CORINI: ”SONO QUESTE LE PARTITE PIU’ PERICOLOSE. I DIFFIDATI? PENSIAMO A VINCERE SENZA STRATEGIE DI COMODO”

”Vogliamo tornare al successo per ritrovare le vibrazioni che ultimamente abbiamo perso e per poi vedere come sarà la nostra classifica. Saremo pronti per un mini campionato a sei squadre dove vogliamo arrivare primi”

Torbole Casaglia. Alla vigilia della gara con la Reggina, Eugenio Corini rimane molto abbottonato sulle scelte di formazione e di gestione dei diffidati, ma ha una convinzione: questa volta il Brescia non può sbagliare. 

Partita da vincere senza se e senza ma?

“Partita importante, abbiamo voglia di fare una prestazione di livello e battere una squadra che ha fatto un ottimo percorso con Stellone. Vogliamo ritrovare le vibrazioni che non siamo riusciti ad avere ultimamente. Dobbiamo vincere e poi vedere che tipo di classifica avremo in vista dei play off”. 

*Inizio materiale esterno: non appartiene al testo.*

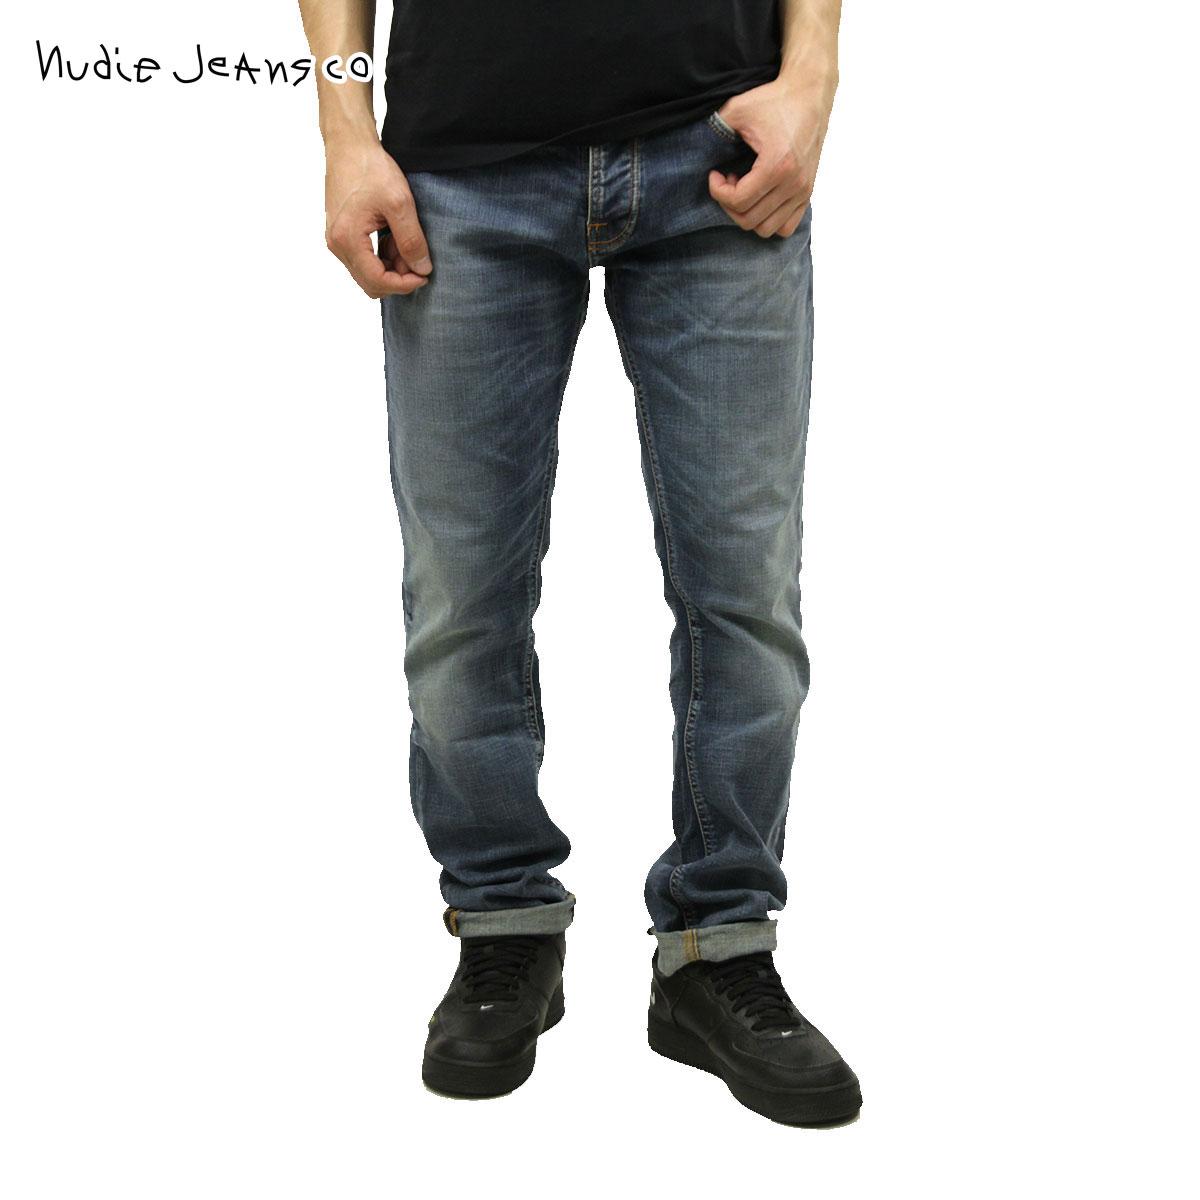 予約商品 6月頃入荷予定 ヌーディージーンズ Nudie Jeans 正規販売店 メンズ ジーンズ グリムティム GRIM TIM WORN IN BROKEN 032 113014 1290

La Reggina sembra ormai in smobilitazione, in settimana hanno fatto anche una grigliata in spiaggia…

“Queste sono le cose più pericolose del calcio. Dobbiamo avere rispetto degli avversari, anche se non abbiamo informazioni su come giocheranno e con chi. Non dimentichiamo che poche partite fa hanno battuto il Lecce. A volte la leggerezza mentale di poter giocare senza bisogno di fare risultato ti aiuta. E’ la bellezza del calcio. Il campionato è ancora aperto in testa e in coda anche per alcuni risultati maturati a sorpresa, purtroppo noi non possiamo più puntare ai primi due posti, ma siamo ancora in gioco per essere promossi”. 

Dopo il gol di Latte Lath avevi detto di non essere riuscito a dormire per il nervoso, questa settimana come è andata?

“Bisogna metabolizzare le cose e dare loro una forma. La delusione per la sconfitta di Cittadella è stata grande, ma occorre voltare pagina velocemente. Il campionato non è finito, inizia ora un mini torneo di sei squadre e dobbiamo arrivare primi”. 

Risparmierai i diffidati o almeno qualcuno dei quattro a rischio squalifica?

“E’ una riflessione che è corretto fare, ma è altrettanto corretto pensare che dobbiamo prima di tutto battere la Reggina. Il segnale che voglio dare ai miei giocatori è quello di non attuare strategie di comodo. C’è una partita da vincere, poi ho i cinque cambi con i quali lavorare dentro questo partita. Voglio battere la Reggina, correndo magari anche qualche rischio”. 

Palacio come sta?

“Lo vedo bene. Anche negli ultimi due allenamenti ha dimostrato brillantezza. E’ reattivo e pronto. Non vi dico se giocherà o meno, darò la formazione solo domani ed è giusto che prima la sappiano i ragazzi”. 

Anticipazioni sui convocati?

“Anche quelli li daremo domani. Posso però dire che Proia e Ayè non sono recuperati. Florian ha un problema al pube che si porta dietro da un po’, si è acuito, ha stretto i denti per giocare, ma ora preferisco che riposi e recuperi”. 

Non credi che anche Joronen possa riposare per una partita?

“Quello del portiere è un ruolo delicato, faccio fatica a ruotare chi sta tra i pali anche se ho stima in Andrenacci che nell’anno della promozione fu determinante in alcune gare e pure Perilli sta spingendo tanto in allenamento. Jesse ha avuto un piccolo problema alla caviglia, ma l’ha gestito”.